MODERATOR: Let's start by taking a look at the trend toward alternative dispute resolution in intellectual property cases.

MICHAELSON: As a profession, we need to do things faster, cheaper and better. In no area is that more important than dispute resolution, particularly in litigation. Most firms, and certainly very large firms, have an overhead rate of approximately 50 to 80 percent. The current recession-induced decrease in IP litigation is unprecedented and is devastating to law firm profitability, and law firms, particularly large ones, are scrambling to reduce costs. I've been an arbitrator and mediator for 18 years, and I’ve seen a pronounced uptick in what I do, particularly in the last five years, due to a confluence of factors. We've had pressure from the courts since the mid- '90s, when President Clinton signed a bill requiring each federal judicial district to implement an ADR process. The second factor was a movement by state ethics boards, starting in the late '70s, which basically required all attorneys to counsel clients to use ADR prior to instituting litigation. The third factor, which is probably the most important, is our clients — our customers. Corporations need to save money and are decreasing their litigation expenditures. This is a significant impetus for lawyers to at least become familiar with ADR processes and not just run off to court reflexively as they have often done in the past. Also, judges, by and large, do not like patent cases.
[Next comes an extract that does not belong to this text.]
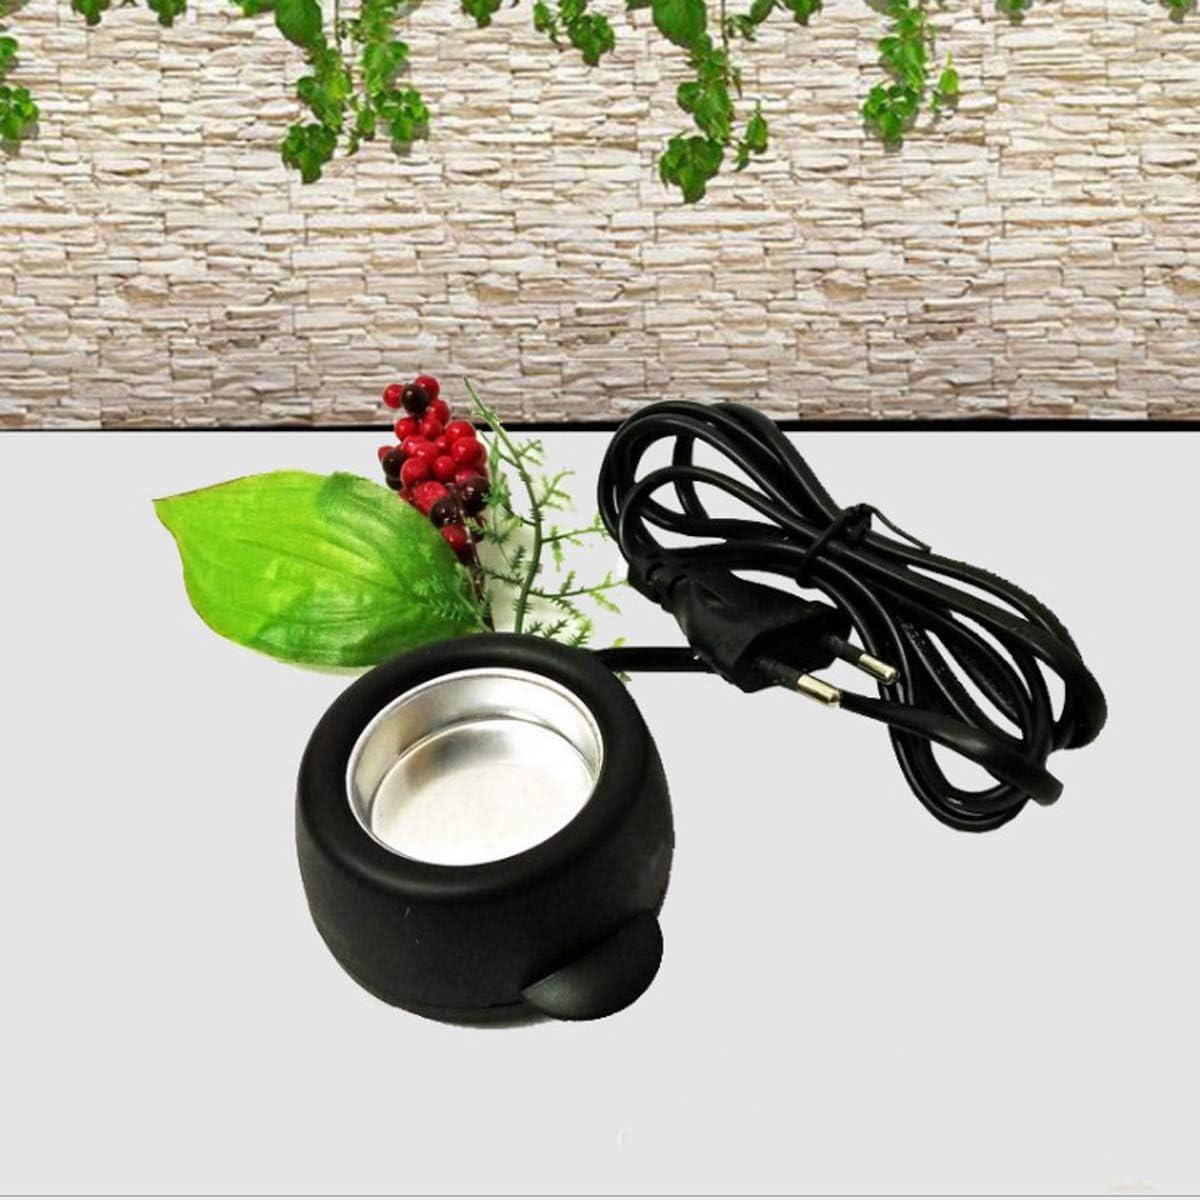 2.5*1.4in Taplong Haarverl/ängerung Kleber Topf Hei/ßkleber Schmelzen 30 W Mini Konstante Temperatur Hot Pot Schmelzen Kleber Topf Glue Ofen UK//EU-Stecker

Consequently these cases tend to be shunted off to mediation very quickly because, generally speaking, court-annexed mediation has a settlement rate of about 50 percent.
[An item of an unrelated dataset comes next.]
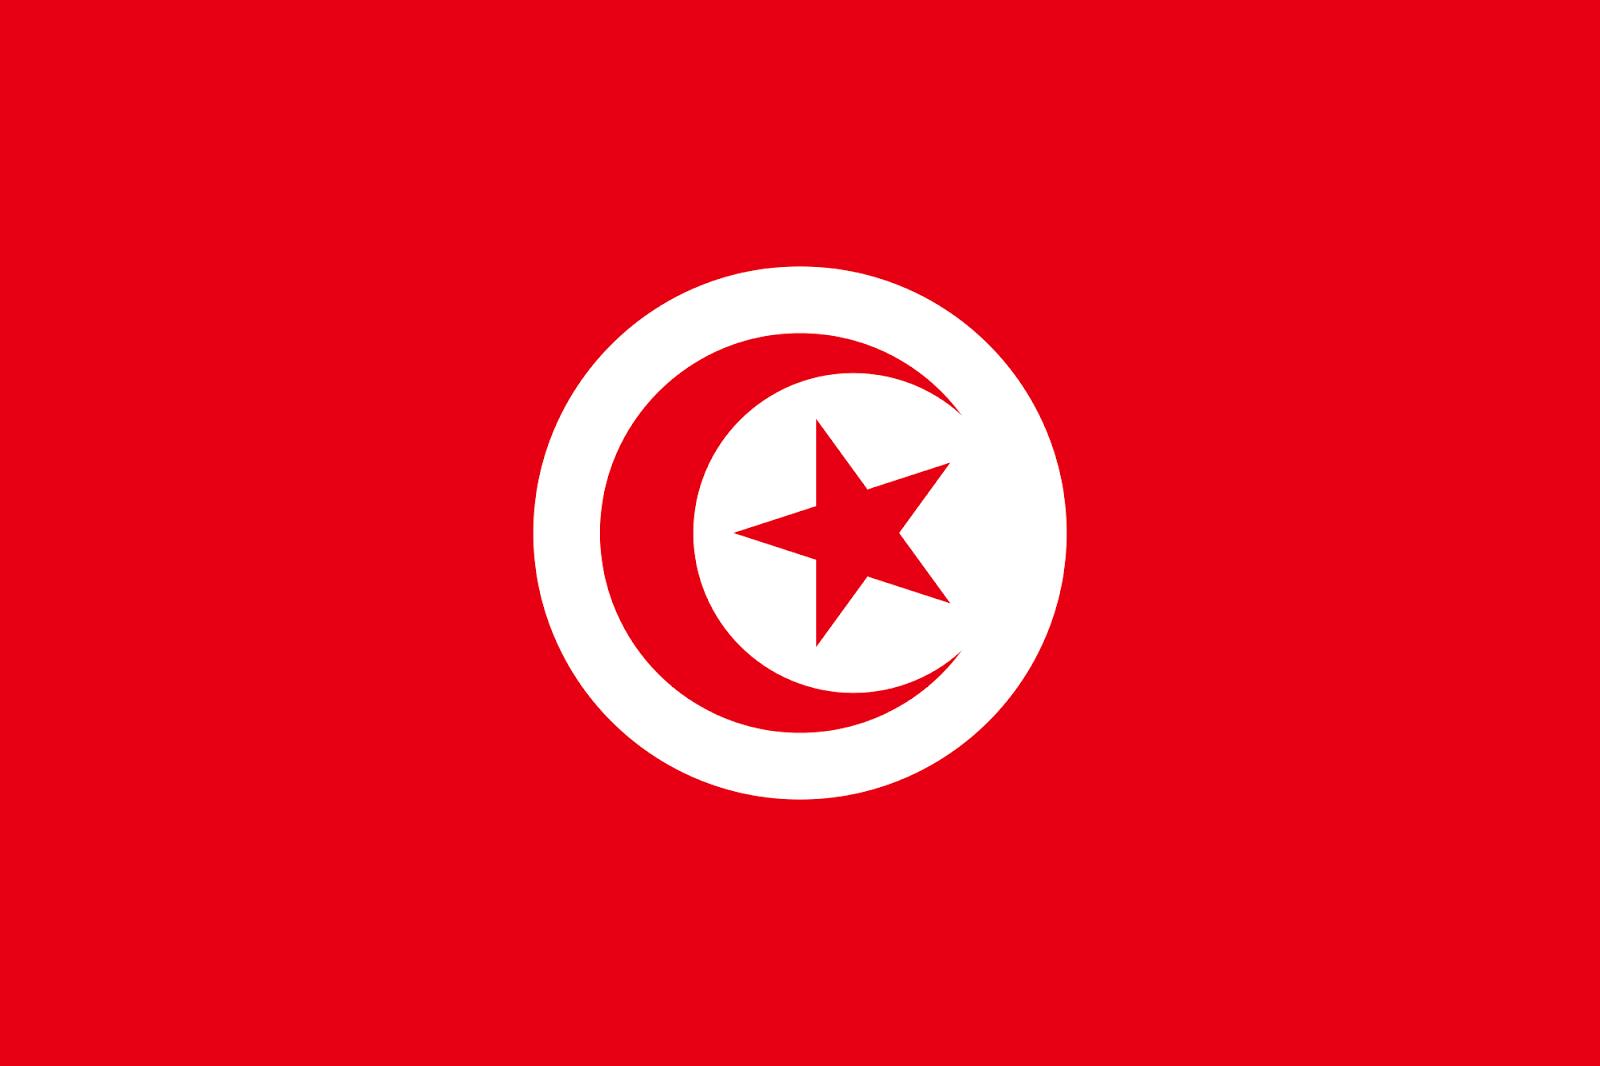 http://carbrandsincurrentproduction.blogspot.com.es/search/label/Tunisia

MODERATOR: Have the rest of you seen evidence of a move toward ADR in your practices?

NORTON: It's case specific. ADR can come in at the very beginning of the process, where you ask your client, “Look, is there something we can do to settle this? Because it is going to be very expensive.” Depending on the complexity of the issues, it can cost as little as $100,000 or many millions of dollars to litigate a patent case. I had a recent case in the Southern District of New York where about two months into the litigation I picked up the phone, called the other attorney, and asked, "Why don't we just take it out of the court's hands and let a neutral arbitrator decide?” We were able to wrap it up in two hours.

MICHAELSON: As an example, I had a $2 million case — rather small as patent cases go — that was referred to me by the AAA. The disputants had pulled the matter out of court in the Eastern District of Texas after discovery was completed and the court had issued a claim construction ruling. The disputants wanted to resolve the matter cost effectively and get it behind them. I ran an expedited arbitration, including a full day of hearings. It was about eight weeks from the time I received the case until I issued my reasoned award. Rarely, if ever, will a court act this quickly. Why are cases being pulled out of court midway through the process for arbitration? Predominantly for cost.
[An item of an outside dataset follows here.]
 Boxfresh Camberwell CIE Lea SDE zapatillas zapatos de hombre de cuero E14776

NORTON: New Jersey is No. 5 in the country in the total number of patent cases being litigated in federal courts. A tremendous number of patent cases are currently being litigated here, and the magistrate judges are working with the attorneys early on in the process to try to streamline the issues as much as they can.

CHAMBERS: The District Court of Delaware actually has a particular magistrate, Judge Mary Pat Thynge, who does a great deal of mediation and settlement. She knows whose arm to twist and when to twist it. She’s done a very good job of resolving things long before they had to go to trial.

NORTON: In many, many cases it makes sense to settle, and judges are putting pressure on both sides to settle — some of them through mediation. Sometimes the judges themselves act as mediators.

MILLER: What I’ve found is that the parties who participate in ADR are not always prepared to reach a resolution. They don't want to give up their principles, and they hold on to the advice they got from their lawyer at the beginning of the case. In more than one case we've had to go back for two, three and four sessions. In the meantime, you've got to continue to litigate. We suggest that when budgets are tight, you adjust your approach to ADR. You have to reset your risk basis, because right now the risk is not just losing — the risk is blowing your budget. You also have to reset your principles to make ADR work. You can't always stand on principle, even if you're right, because you don't have the budget to prove you're right.

MICHAELSON: What I try to impress upon people is the difference between mediation and arbitration. Arbitration, like litigation, is about finding the truth. Mediation is about finding a deal; the truth is irrelevant. It's amazing the deals you can structure when you're not limited by what a court can do — which is essentially awarding money damages or issuing an injunction.

MILLER: It's our job to tell the client, “I know I told you at the beginning that your upside was $20 million, but we're on a different playing field now. I wasn't wrong, but circumstances have changed.”

NORTON: Cost, speed, and product are paramount, and if you deliver those things to your client by working with them as a team from the beginning, you can save costs. For example, having the client do a lot of the discovery work in house can keep costs down.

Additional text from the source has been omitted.